## EXERCISE DETAILS:
In the data below, restate exactly the lines from the one with "Calendarul ianuarie 2024" to the final line, both included, but not the pictures.

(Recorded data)

________________________________________

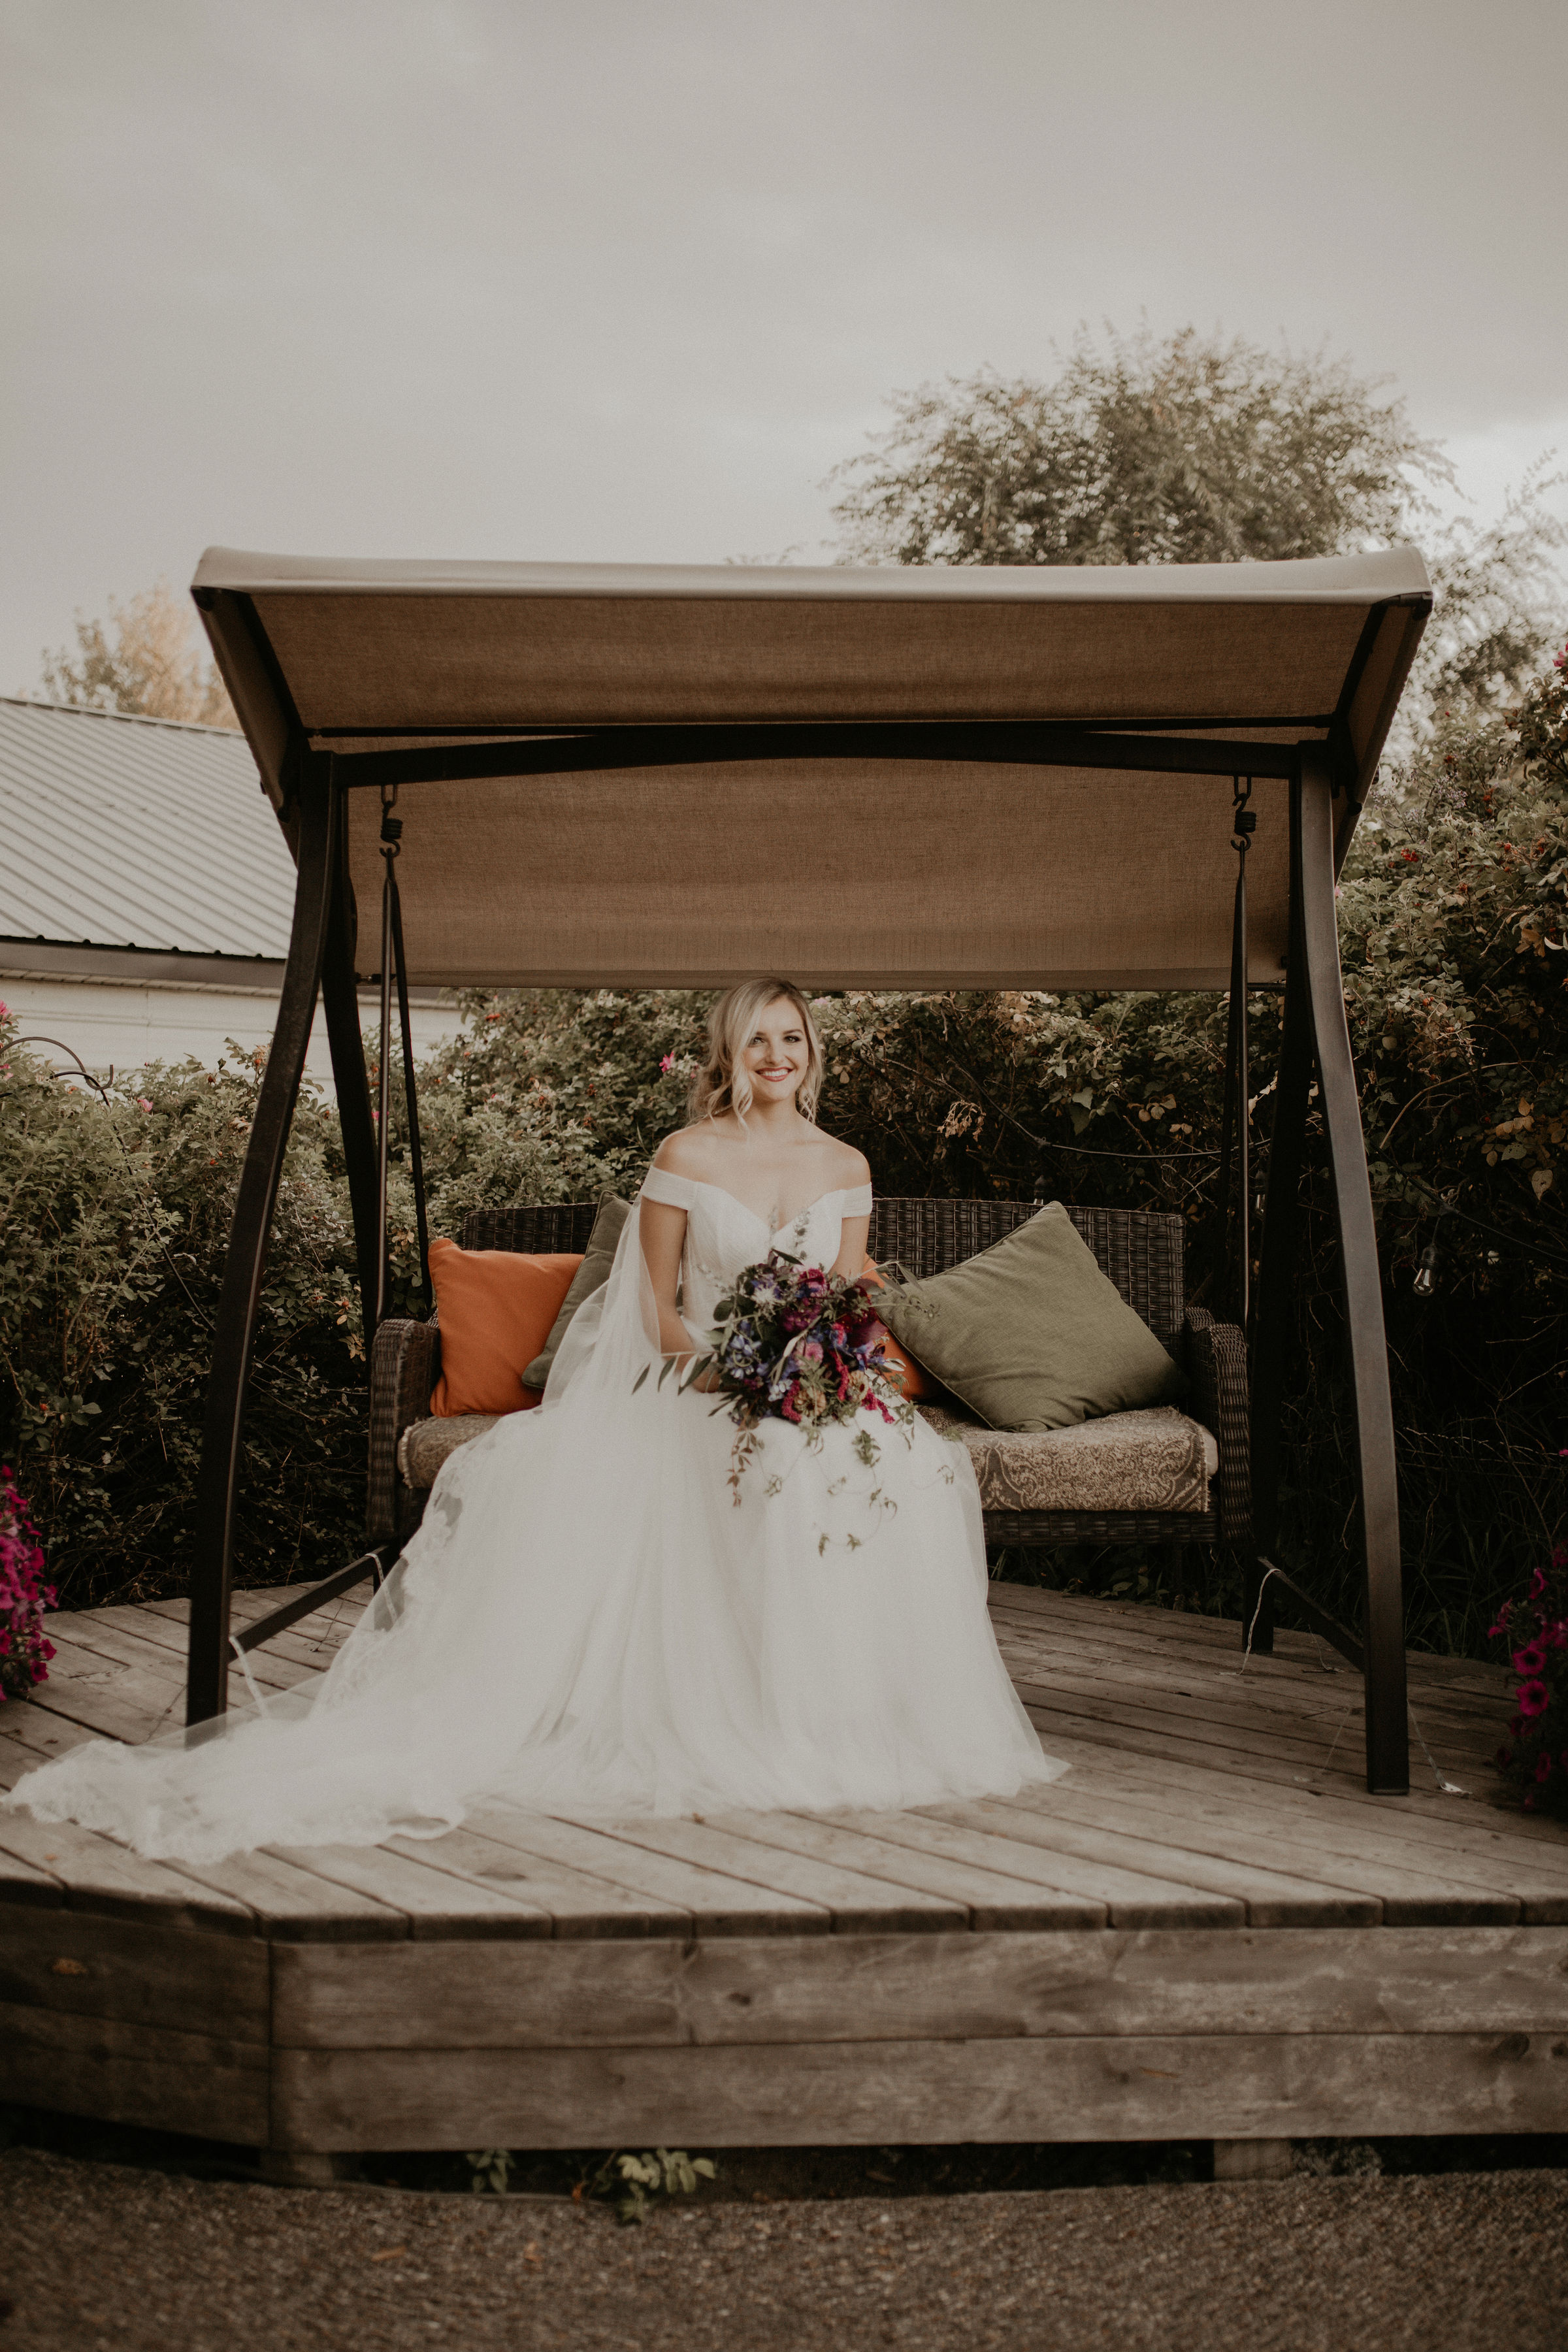 porch swing wedding spokane bride
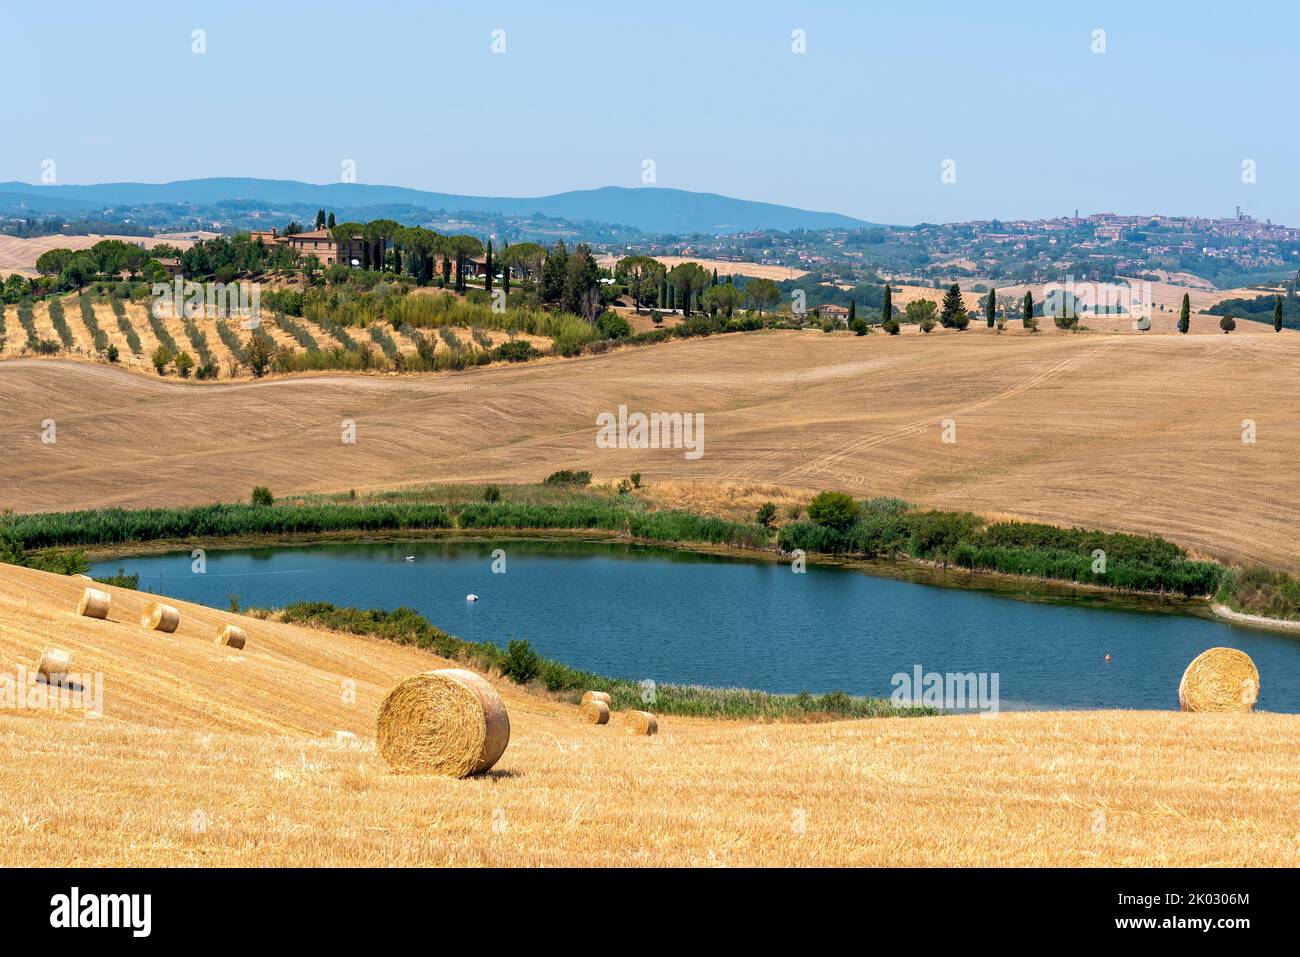 Geerntete Getreidefelder, Teich, Anwesen mit Zypressen, am Horizont die Stadt Siena, Toskana, Italien Stockfoto
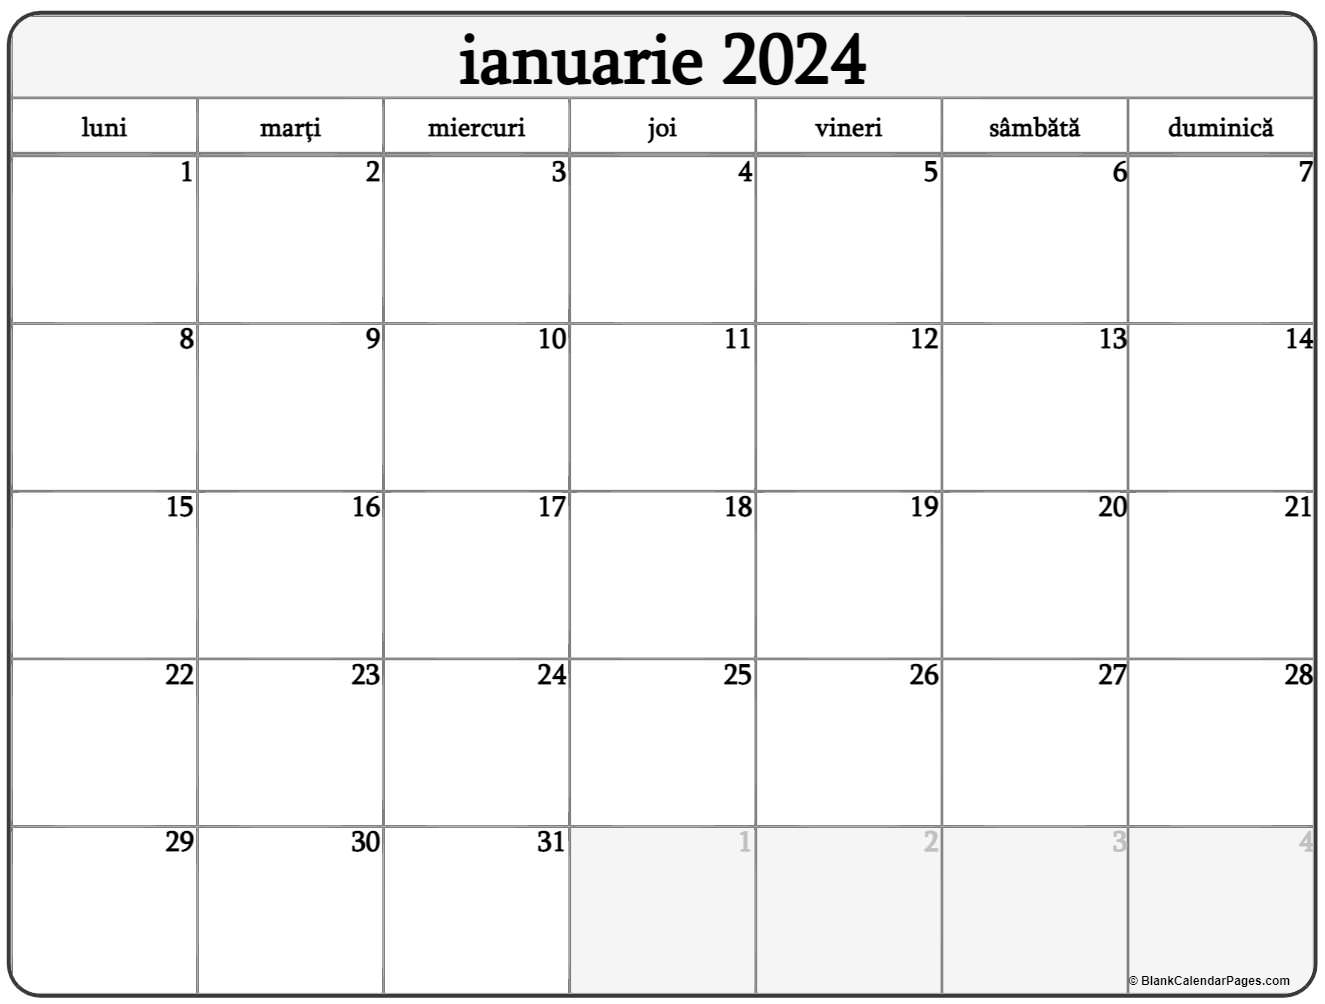 Calendarul ianuarie 2024 imprimabil gratuit in romana
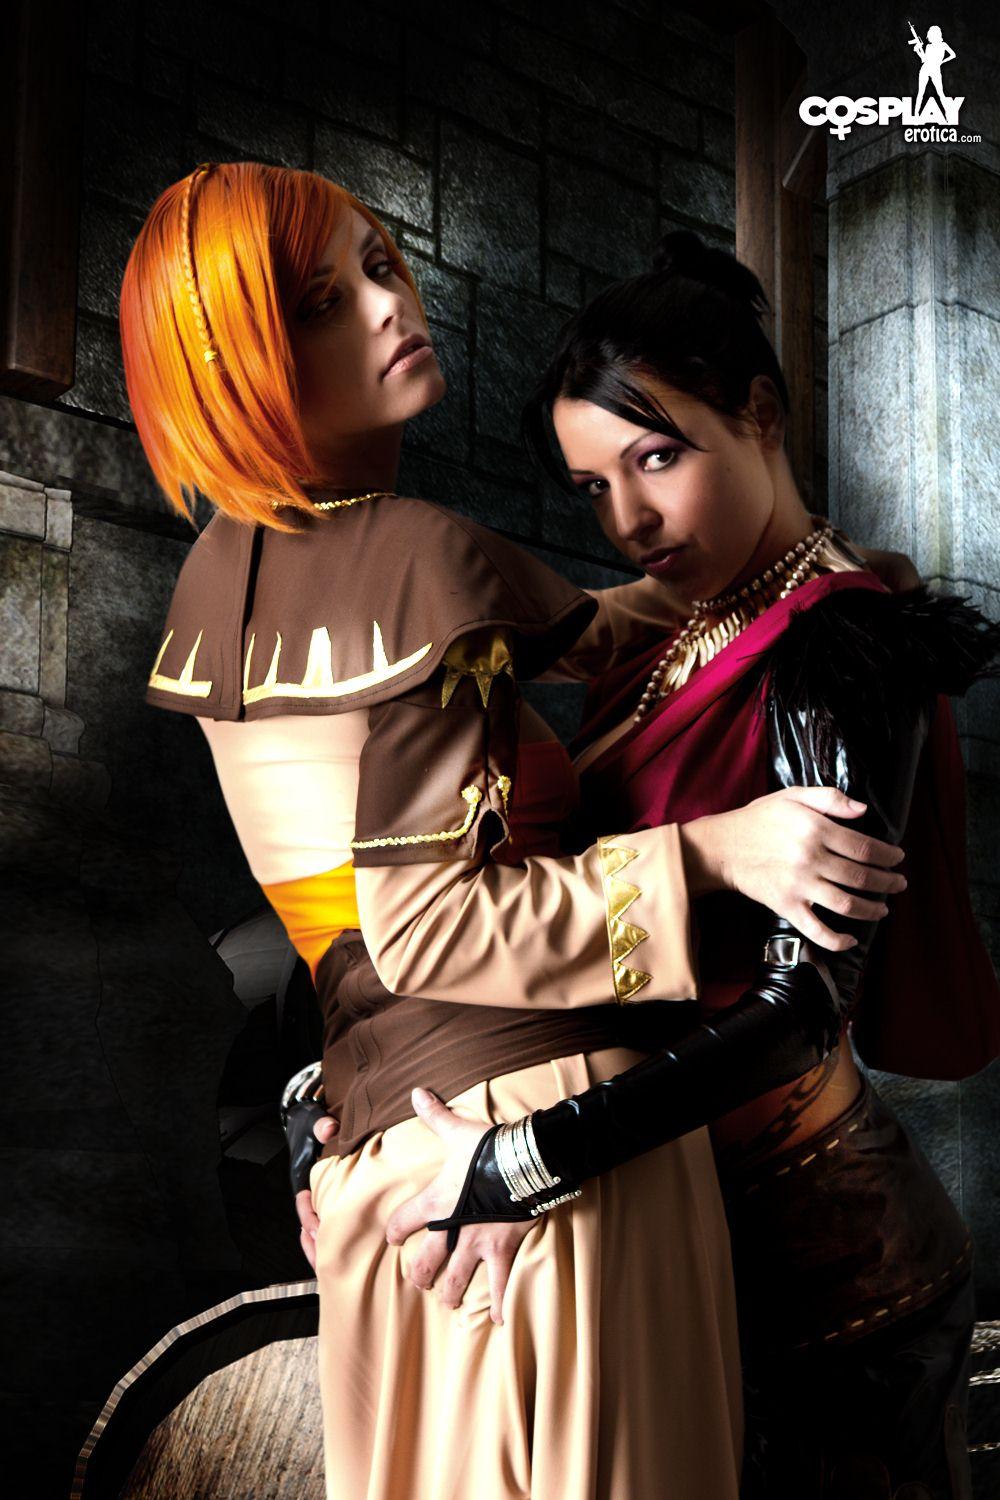 Immagini di nayma e mea facendo un caldo lesbica dragon age cosplay
 #59444445

________________________________________

## COMPLETED TASK:
 Calendarul ianuarie 2024 imprimabil gratuit in romana
 Immagini di nayma e mea facendo un caldo lesbica dragon age cosplay
 #59444445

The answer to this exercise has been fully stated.